Can we take it up a notch? This pattern works well as a replacement for switch statements and basic if-else (or really any conditionals), but often times the branching is multi-variable. For instance, say we have some Food and want to make a full Meal based on the food. Again, we're sent back to if-else. 

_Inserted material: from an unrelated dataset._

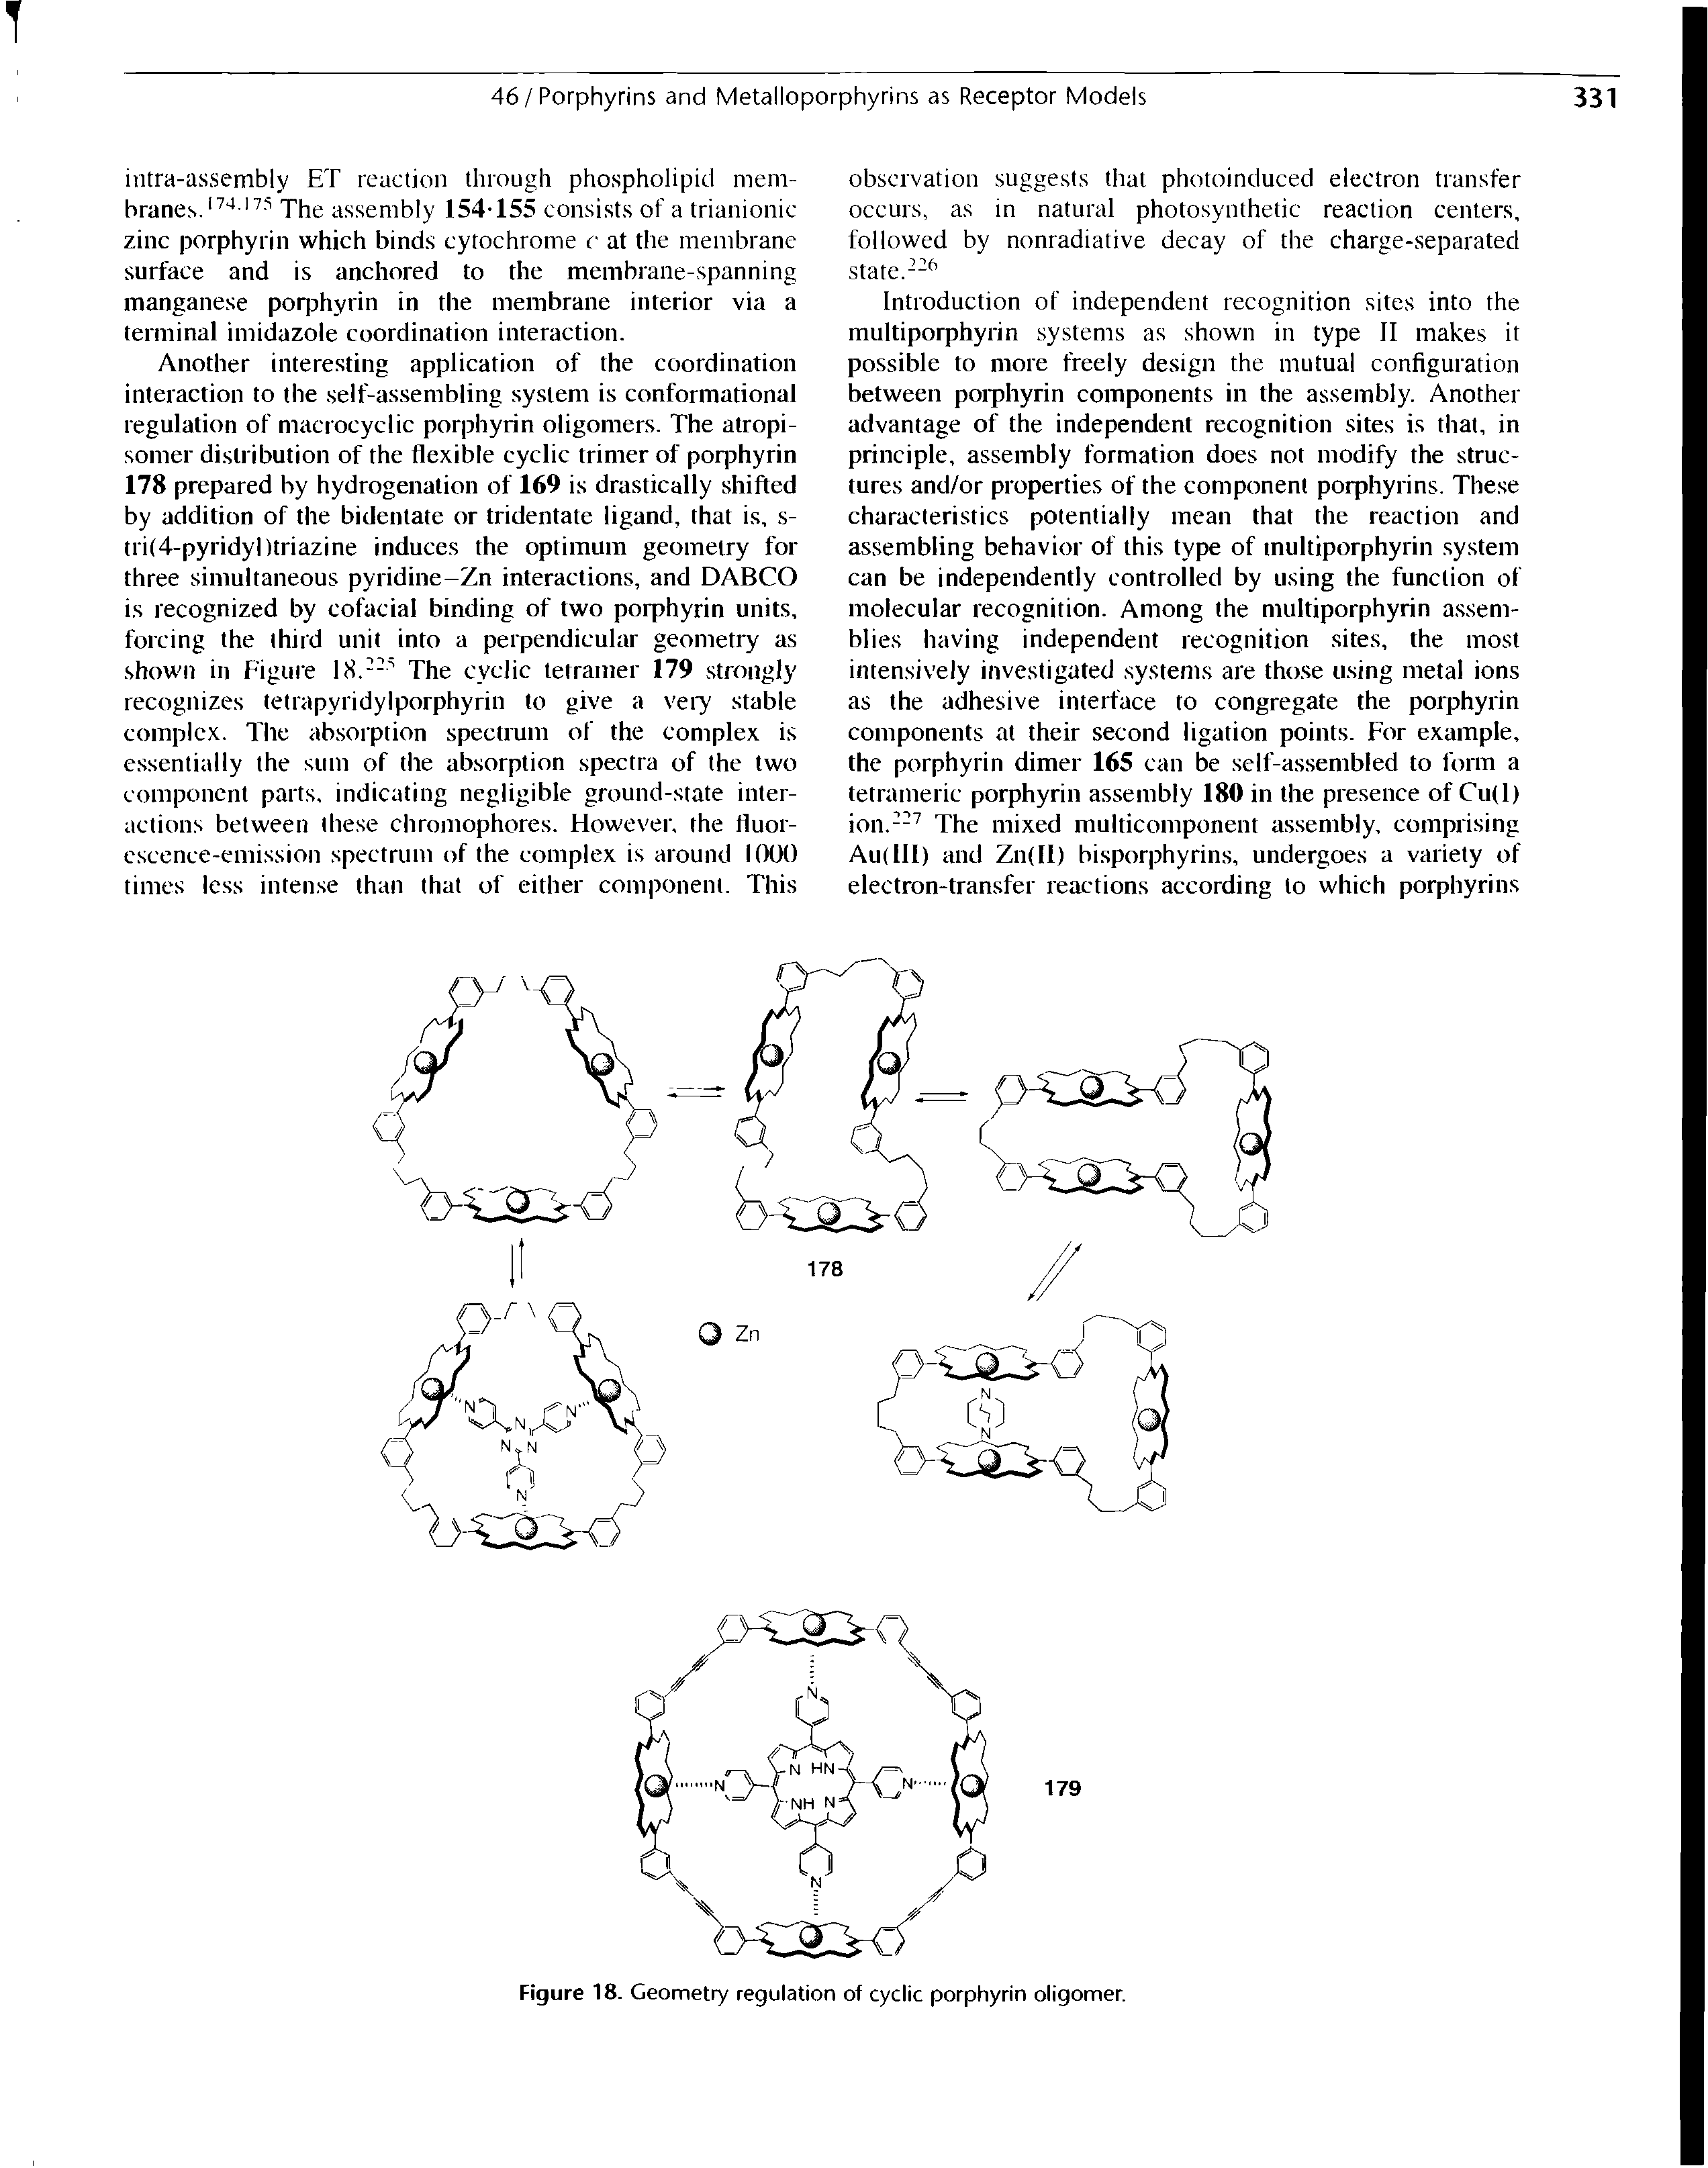 Figure 18. Geometry regulation of cyclic porphyrin oligomer.

type MainDish = "steak" | "chicken" | "fish";
type SideDish = "rice" | "potatoes" | "veggies";
type Meal = {
    chefsMessage: string;
}

function makeFoodWithTwoIngredients(main: IngredientA, side: SideDish): Meal {
    let chefsMessage: string;
    if (main === "steak" && side === "rice") {
        chefsMessage = "Not a common dish. Steak and rice.";
    } else if (main === "steak" && side === "potatoes") {
        chefsMessage = "A classic. Steak and potatoes.";
    } else if (main === "steak" && side === "veggies") {
        chefsMessage = "Steak and veggies are delicious.";
    } else if (main === "chicken" && side === "rice") {
        chefsMessage = "Another classic. Chicken and rice.";
    }
    // You get the idea! This is a nightmare.

    return { chefsMessage };
}

What a mess! I know it's a rather silly example, but I have seen code that resembles this in most organizations I've been a part of. I think part of the issue is that our traditional OOP fails to nicely encapsulate this kind of logic. We could maybe move this into some Factory or maybe use a Strategy pattern? But again, it feels like overkill. Let's try the mapping approach. 

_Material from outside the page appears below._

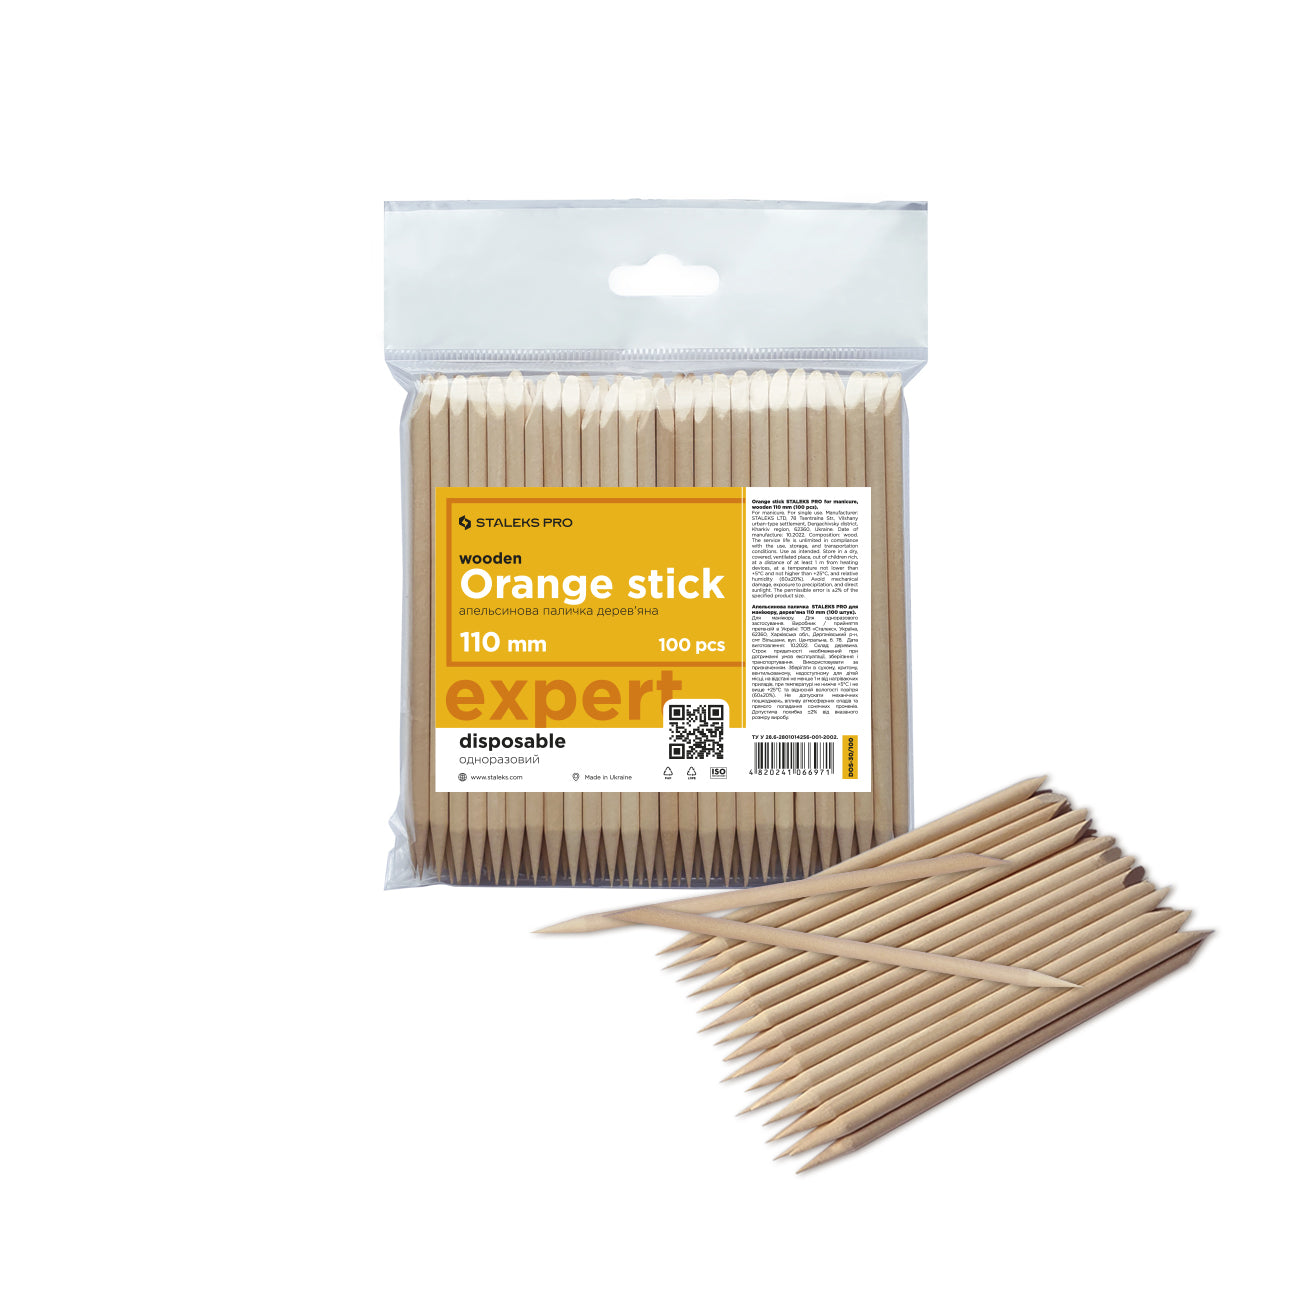 Staleks Orange stick STALEKS PRO for manicure, wooden 110 mm (100 pcs)

type MainDish = "steak" | "chicken" | "fish";
type SideDish = "rice" | "potatoes" | "veggies";
type Meal = {
    chefsMessage: string;
}

type MealKey = `${MainDish}__${SideDish}`;

const MATCH_MEAL: Record<MealKey, Meal> = {};

As you might expect by now, there's that Record again. But the keys are a bit more complex. Using a template literal type, we can create a new discrete union type that is a combination of MainDish and SideDish. And with exhaustive type checking, we can ensure that all possible combinations are handled. The above code will not actually compile because the mapping is not exhaustive. The expanded map will look like below. 


// Same types as above

const MATCH_MEAL: Record<MealKey, Meal> = {
    steak__rice: {
        chefsMessage: ""
    },
    steak__potatoes: {
        chefsMessage: ""
    },
    steak__veggies: {
        chefsMessage: ""
    },
    chicken__rice: {
        chefsMessage: ""
    },
    chicken__potatoes: {
        chefsMessage: ""
    },
    chicken__veggies: {
        chefsMessage: ""
    },
    fish__rice: {
        chefsMessage: ""
    },
    fish__potatoes: {
        chefsMessage: ""
    },
    fish__veggies: {
        chefsMessage: ""
    }
};

Now that is cool! Every possible permutation is covered. No more forgetting to add a new logic branch as new Dish types are added.

Wrapping Up

If you're working on a team (most of us are) and you want to try this out - show them. Don't just start replacing all your conditionals with mappings. Not only is this not idiomatic Typescript, it just feels different, and can invite pushback. Have a conversation and get buy-in from your team to find the places where this pattern makes sense.

In my personal projects I leverage some additional abstractions that make the mappings feel more like pattern matching. I wouldn't recommend this for most teams, for the same reason retrofitting RxJS into a codebase doesn't make sense, but it's a fun exercise.